───── Available data

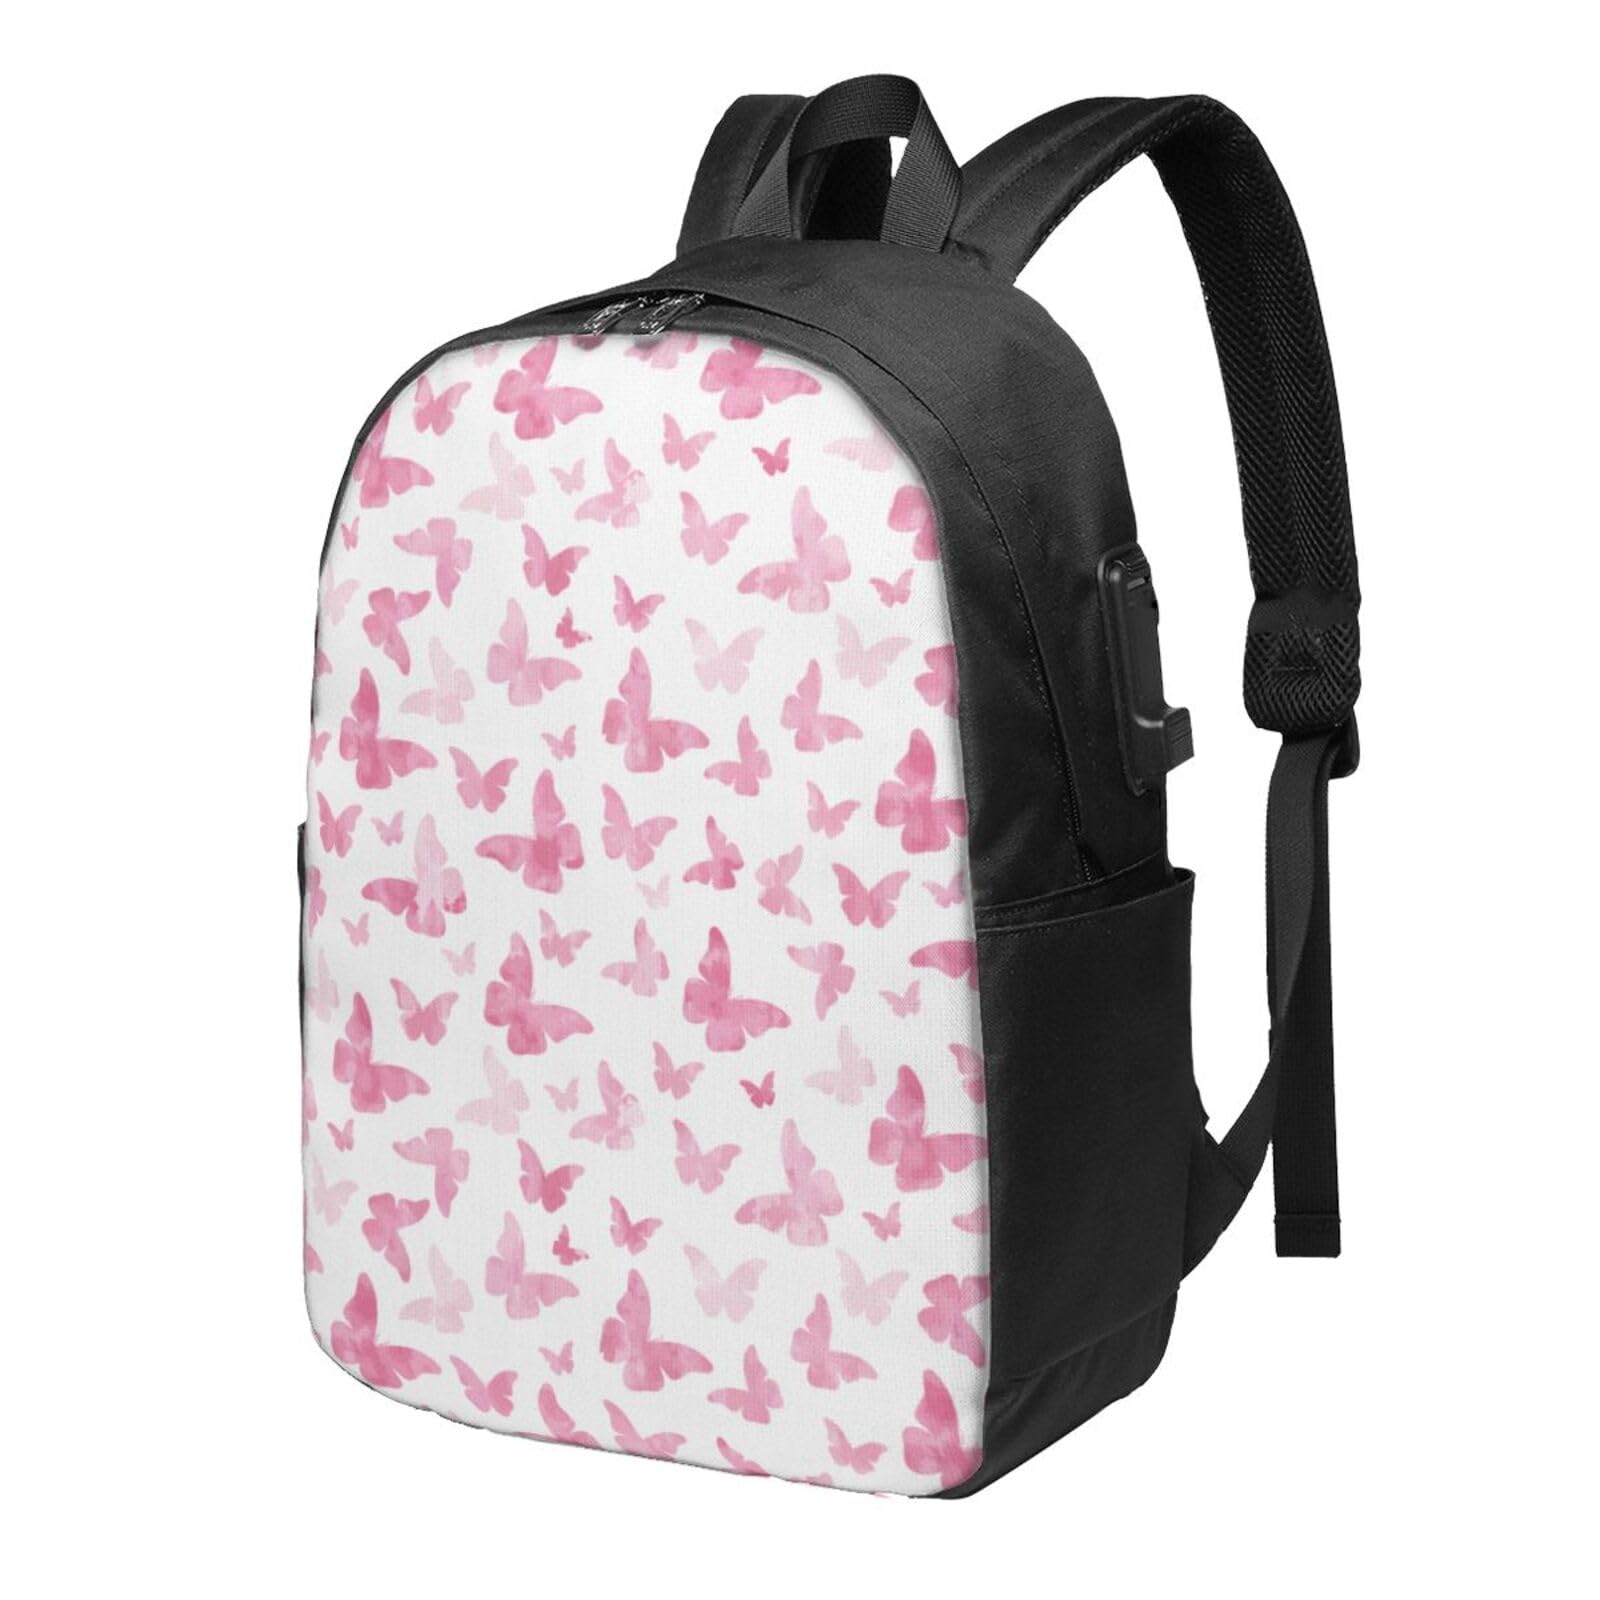 送料無料OUSIKA Pink Butterflies Laptop Backpack With Usb Charging Port Water Resistant Casual Daypacks Travel Bag For Men
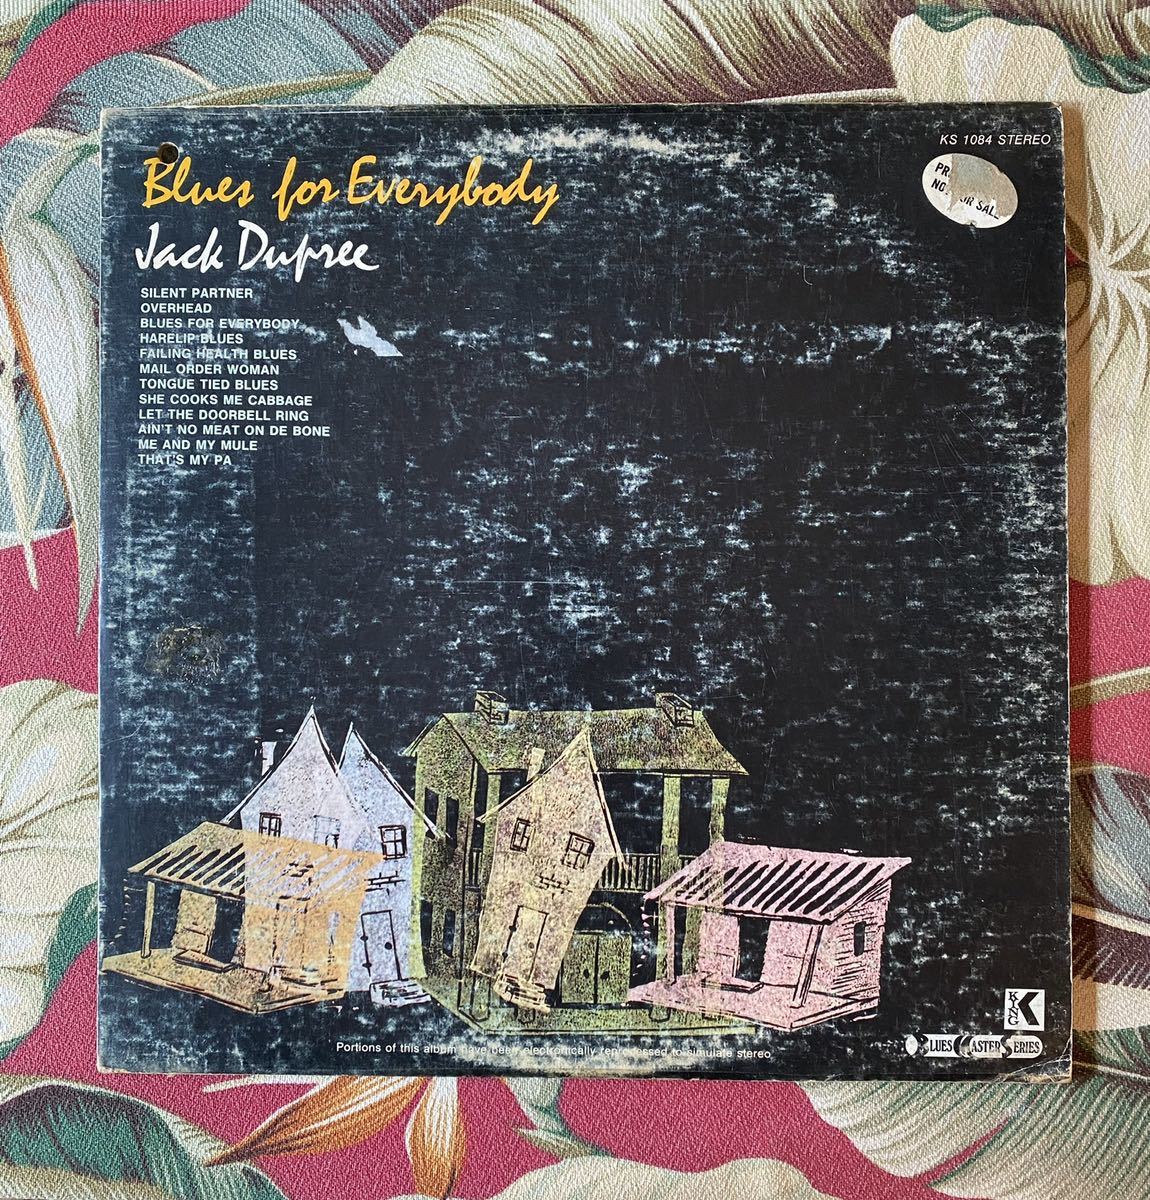 【超歓迎された】 偉大な Jack Dupree 1976 US Press King-1084 LP Blues For Everybody experienciasalud.com experienciasalud.com
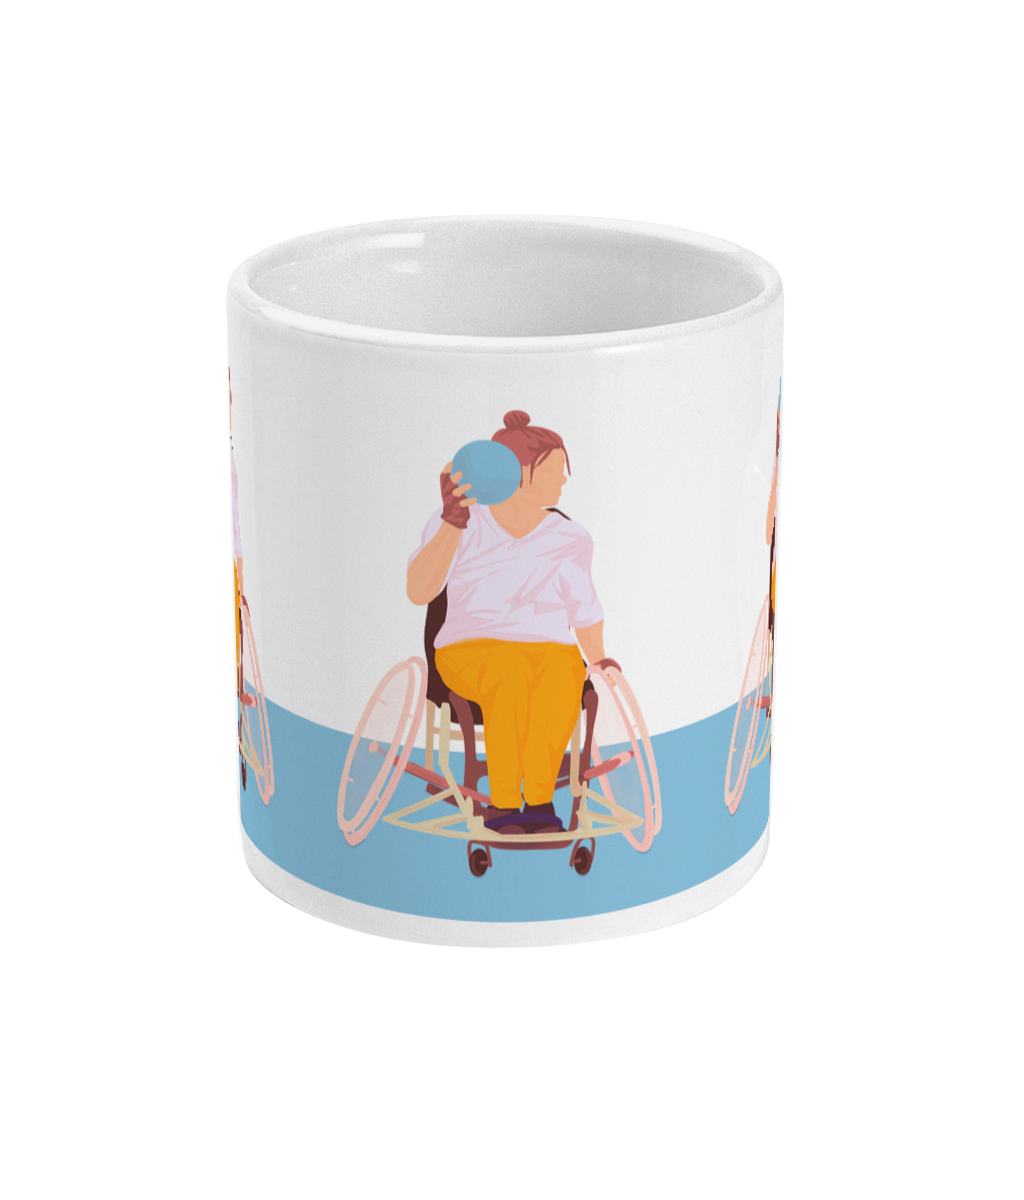 Handchair cup or mug "Handball woman" - Customizable
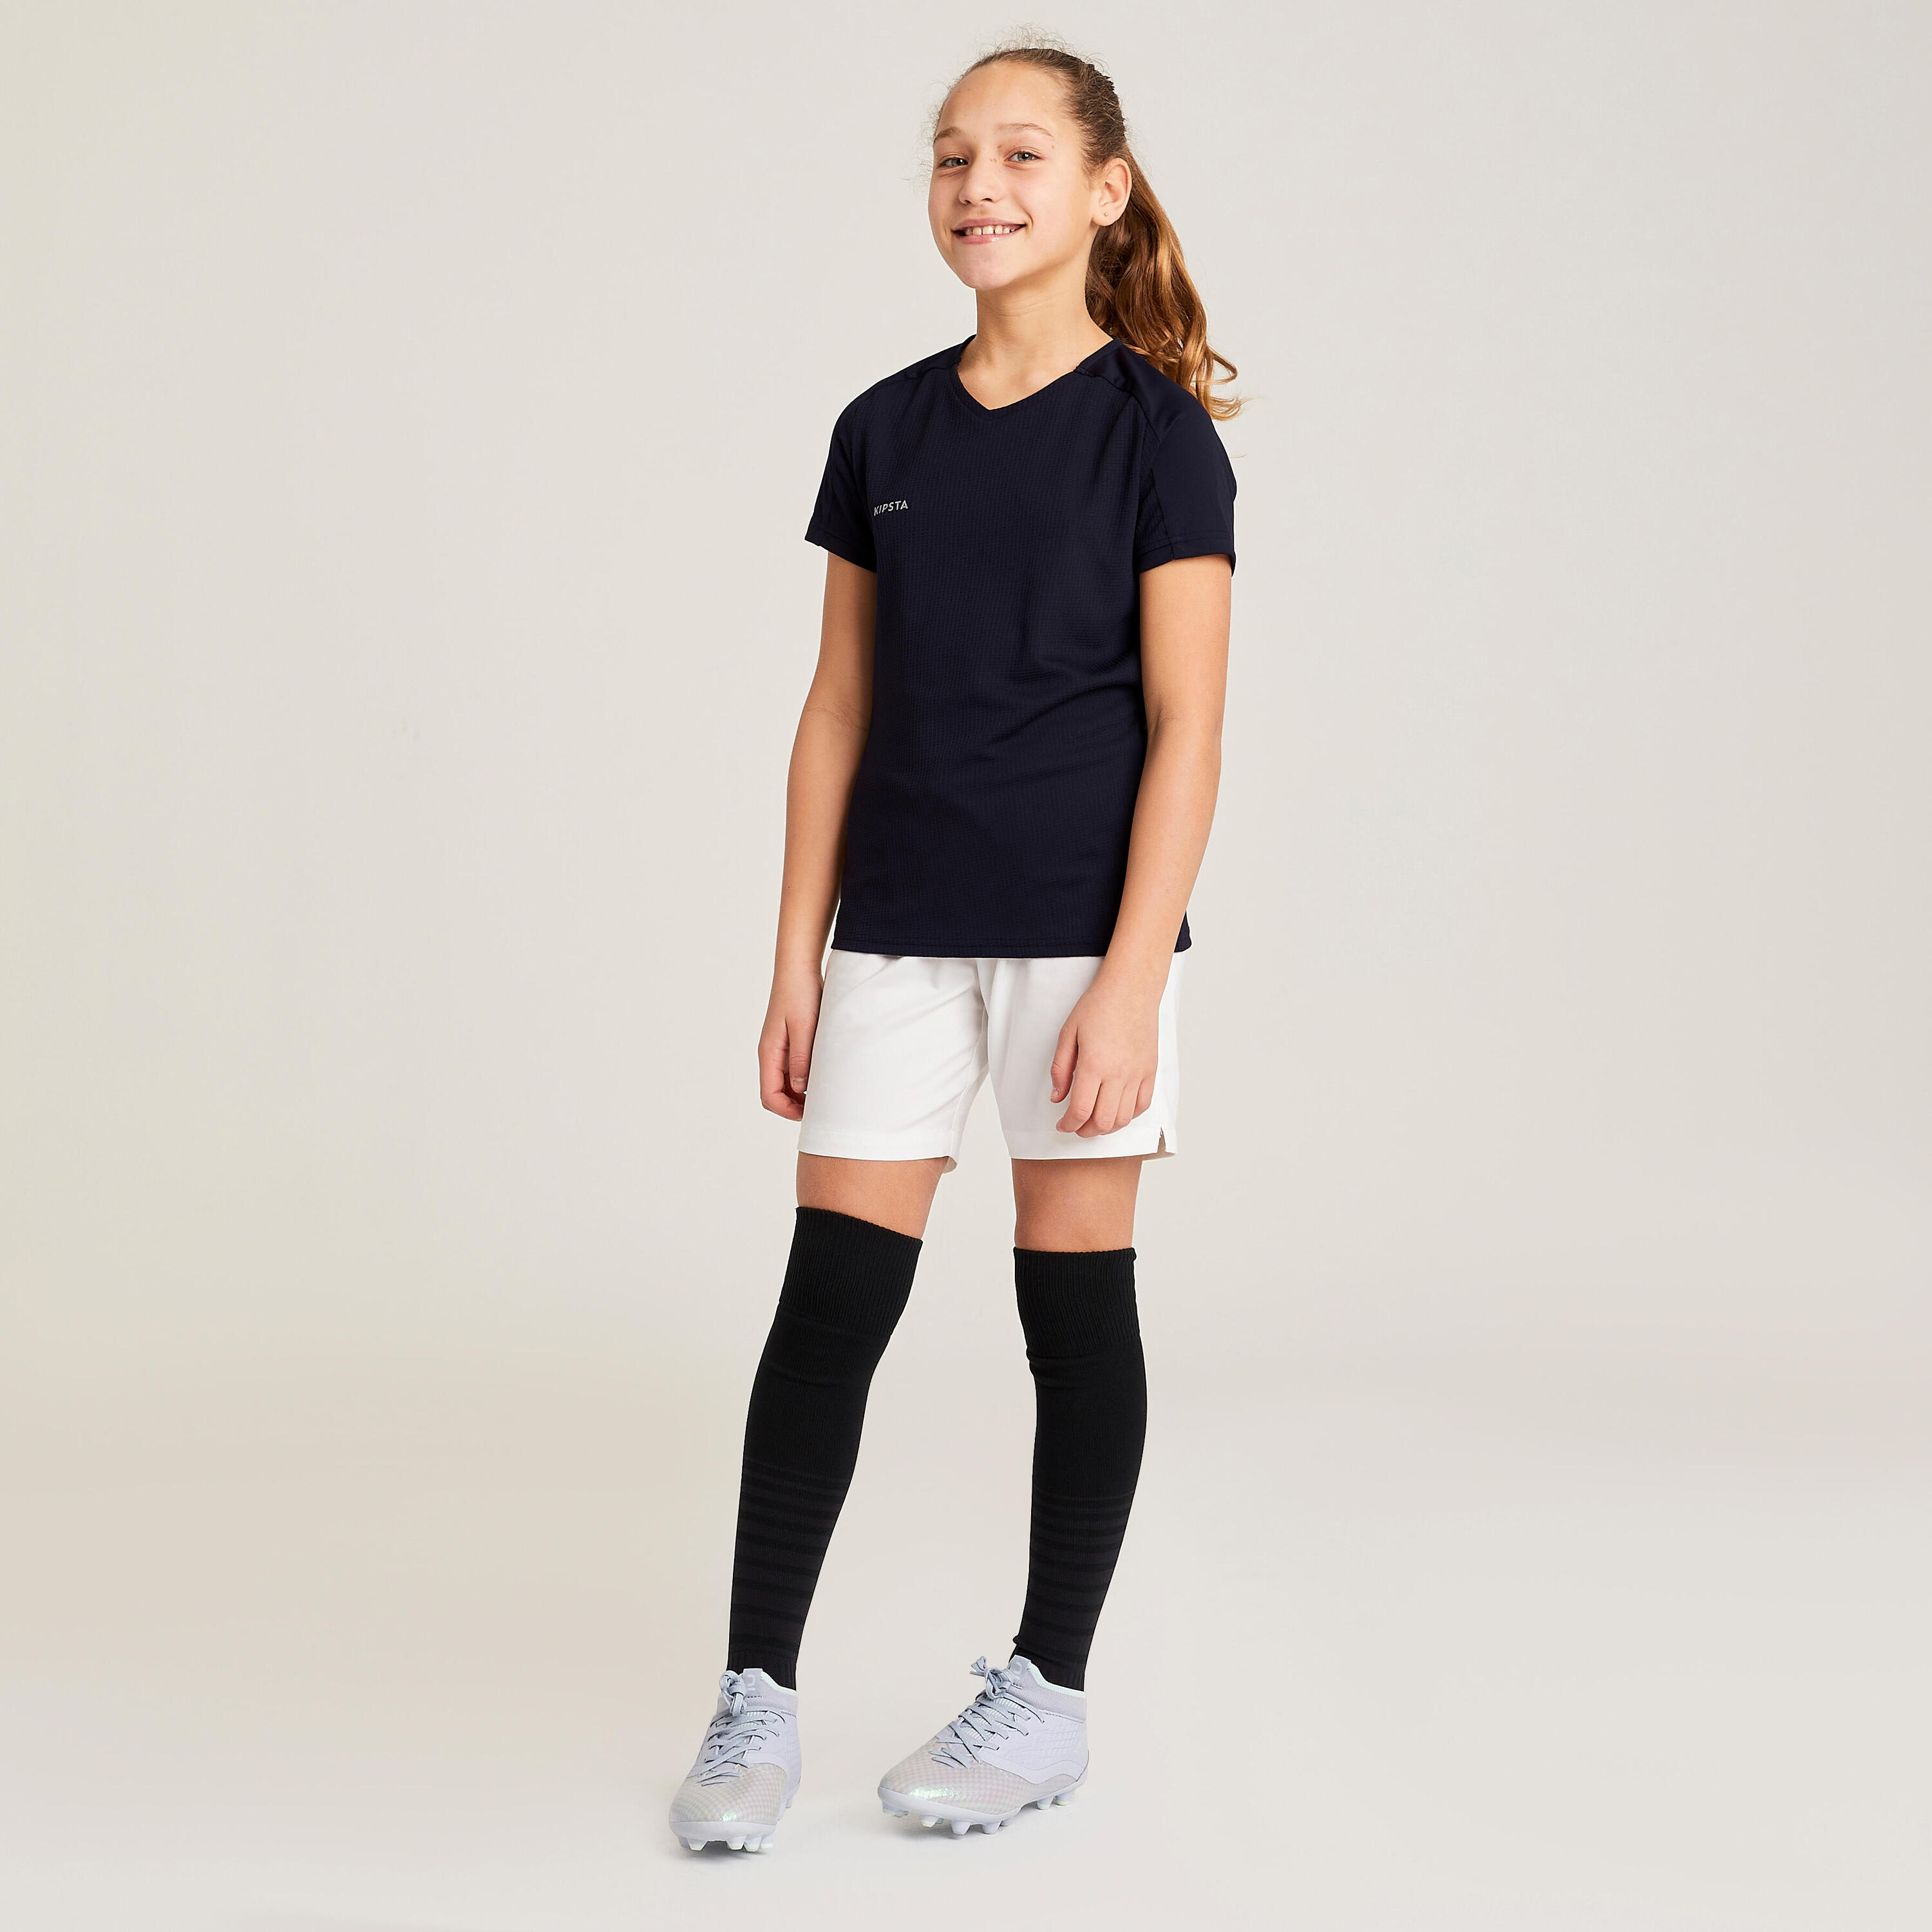 Girls' Football Shirt Viralto - Black 2/10

──────────

> Directions for this task
Only the lines from the one with "Handchair cup or" through the final line of the data should be written out, exactly and including both ends. Skip the pictures.

> Output
 Handchair cup or mug "Handball woman" - Customizable
 Girls' Football Shirt Viralto - Black 2/10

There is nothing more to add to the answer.